AVAILABLE INFORMATION
     We file annual, quarterly and current reports, proxy statements and other information with the Securities and Exchange Commission, or SEC. You may read and copy any materials we file at the SEC’s Public Reference Room at 100 F Street, N.E., Washington, D.C. 20549. You may obtain information on the operation of the Public Reference Room by calling the SEC at 1-888-SEC-0330. The SEC maintains a website at www.sec.gov that contains reports, proxy and information statements, and other information regarding issuers that file electronically with the SEC. Our SEC filings are also available to the public from our website at www.gartner.com. However, the information on our website does not constitute a part of this prospectus.
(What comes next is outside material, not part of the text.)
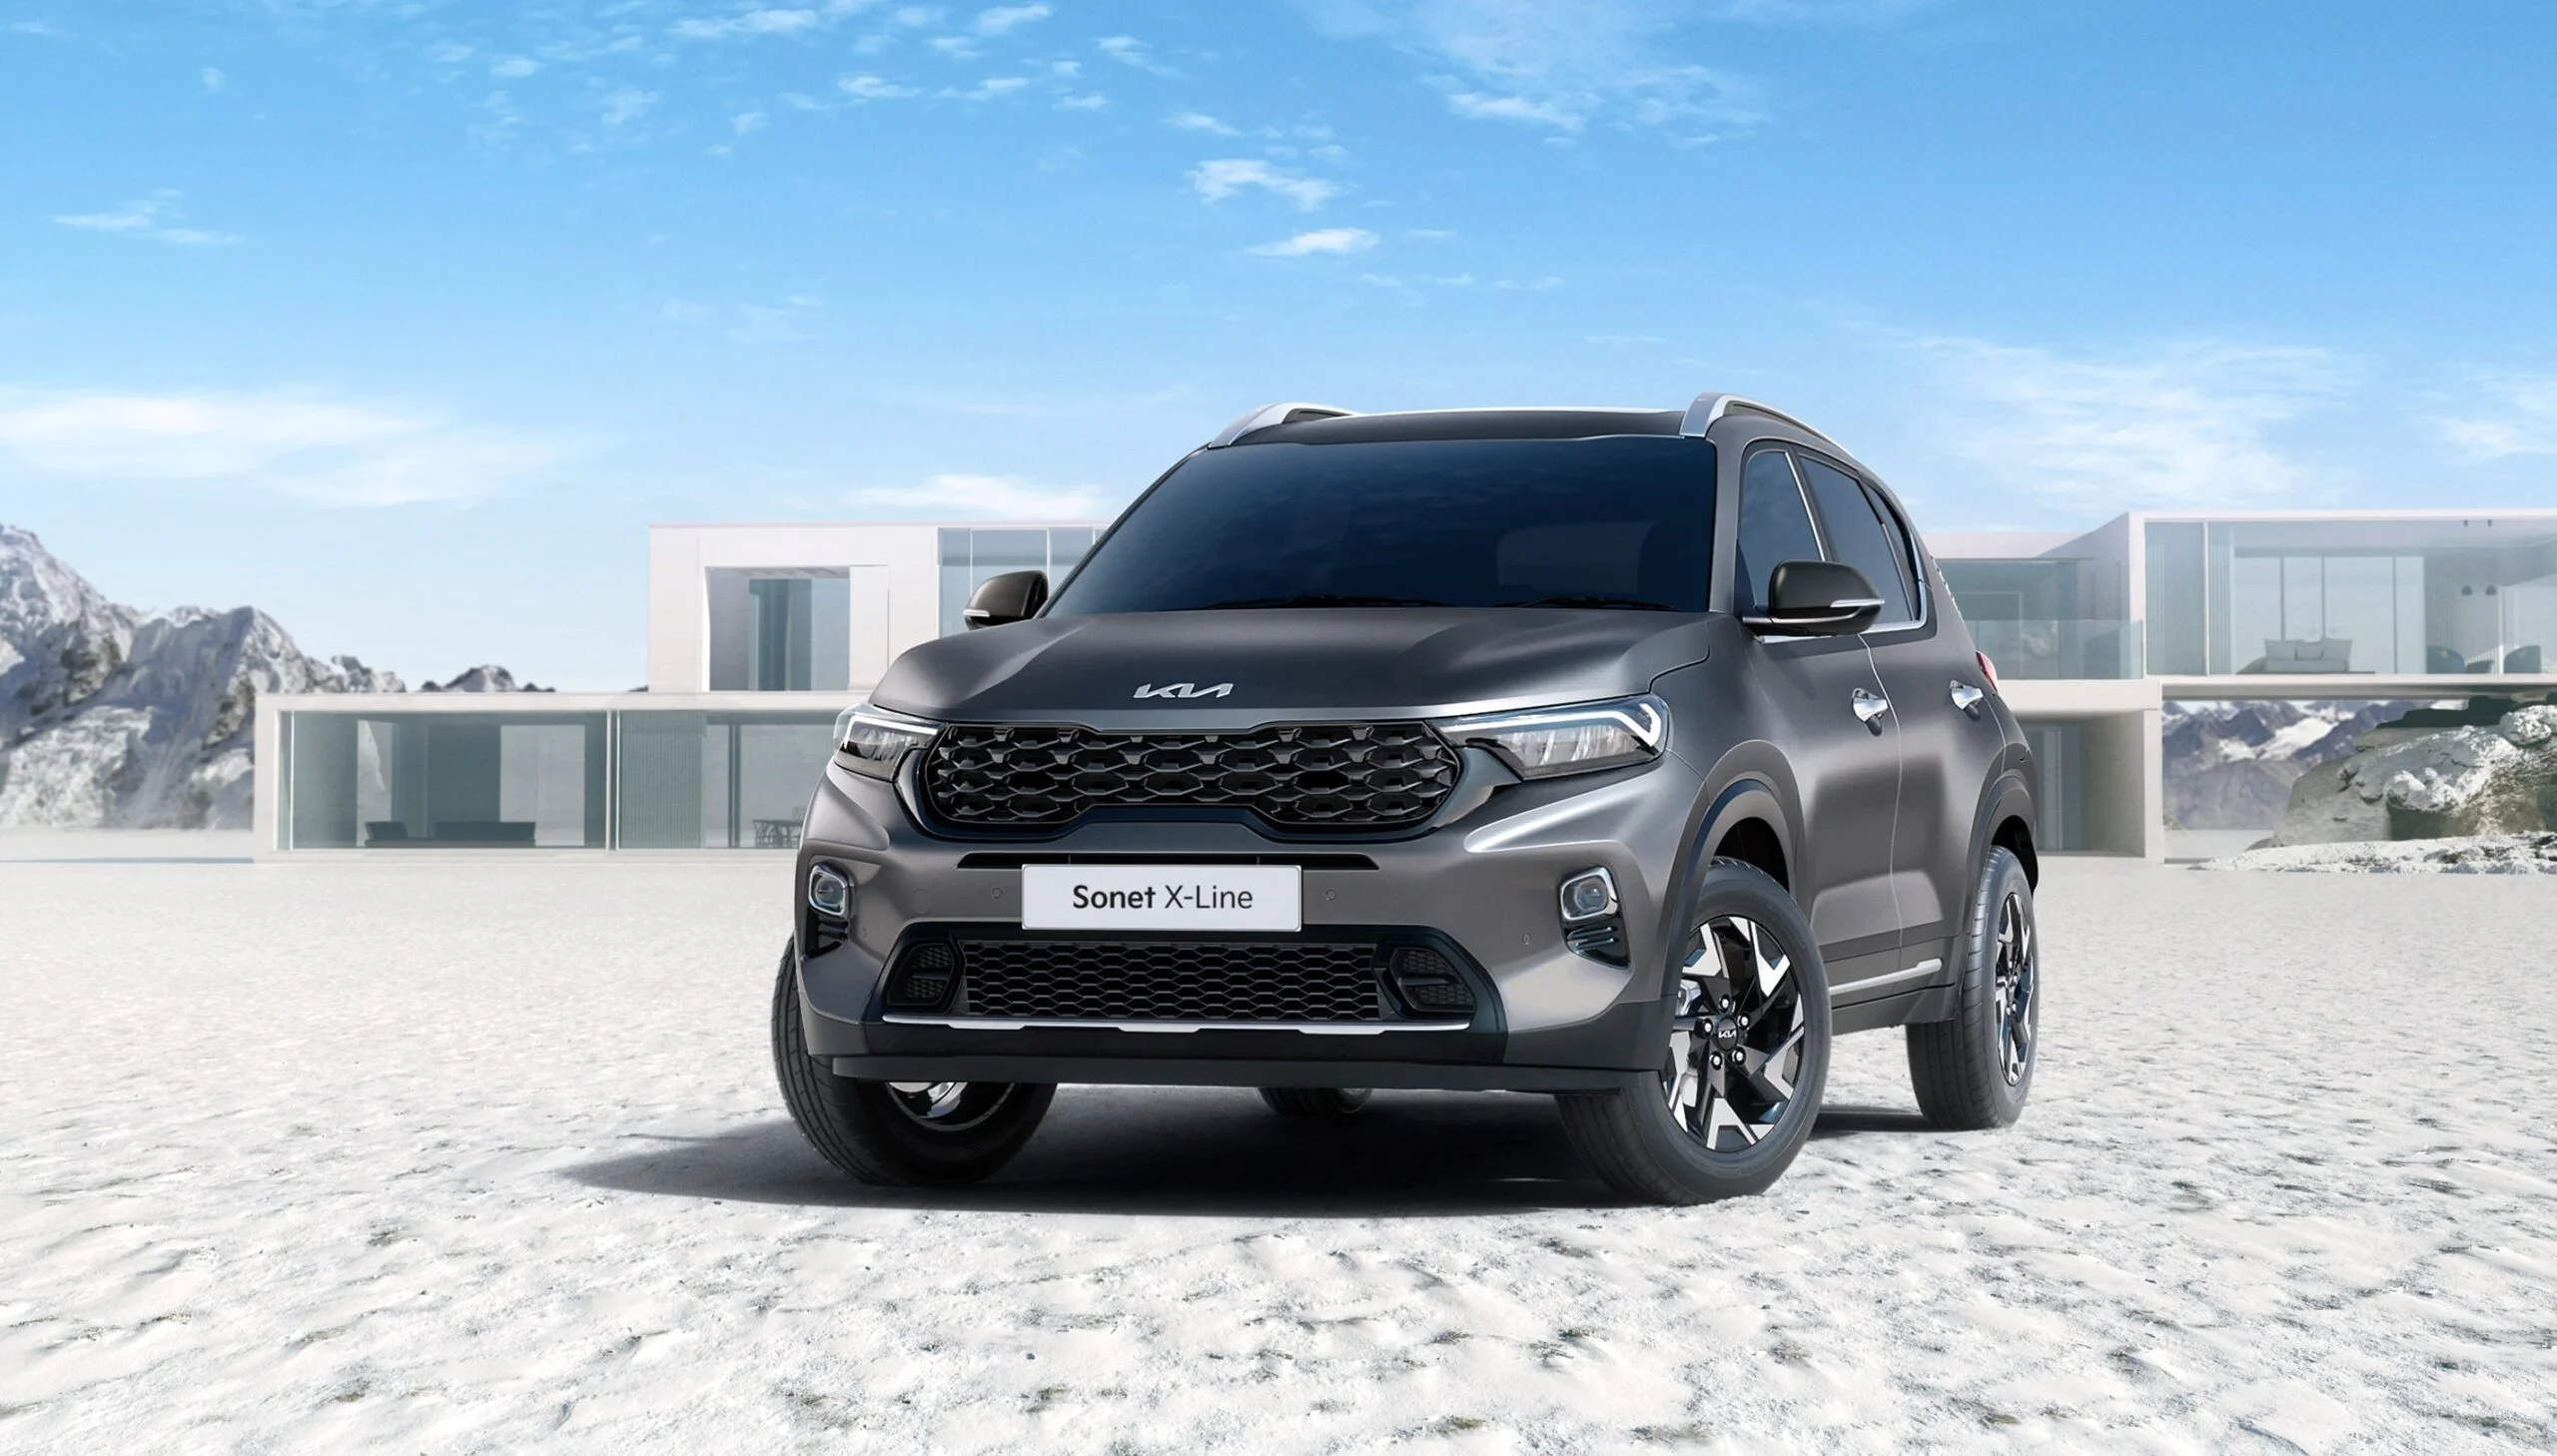 2022 Kia Sonet X-Line Launched - Prices Start From 13.69 Lakhs (3)

     In this document, we “incorporate by reference” certain information we file with the SEC, which means that we can disclose important information to you by referring to that information. The information incorporated by reference is considered to be a part of this prospectus. Any statement contained in a document incorporated by reference herein shall be deemed to be modified or superseded for all purposes to the extent that a statement contained in this prospectus or in any other subsequently filed document that is also incorporated or deemed to be incorporated by reference, modifies or supersedes such statement. Any statement so modified or superseded shall not be deemed, except as so modified or superseded, to constitute a part of this prospectus. We incorporate by reference the documents listed below:
    our Annual Report on Form 10-K for the fiscal year ended December 31, 2005;
 
    our Quarterly Reports on Form 10-Q for the fiscal quarters ended March 31, 2006 and June 30, 2006;
 
    our Current Reports on Form 8-K dated February 1, 2006; February 7, 2006 (Items 5.02 and 5.03 only); February 16, 2006; March 20, 2006; May 9, 2006; May 19, 2006; and May 24, 2006; and
 
    the descriptions of our common stock contained in our Registration Statement on Form 8-A dated July 6, 2005, including any amendment or report filed with the SEC for the purpose of updating such description.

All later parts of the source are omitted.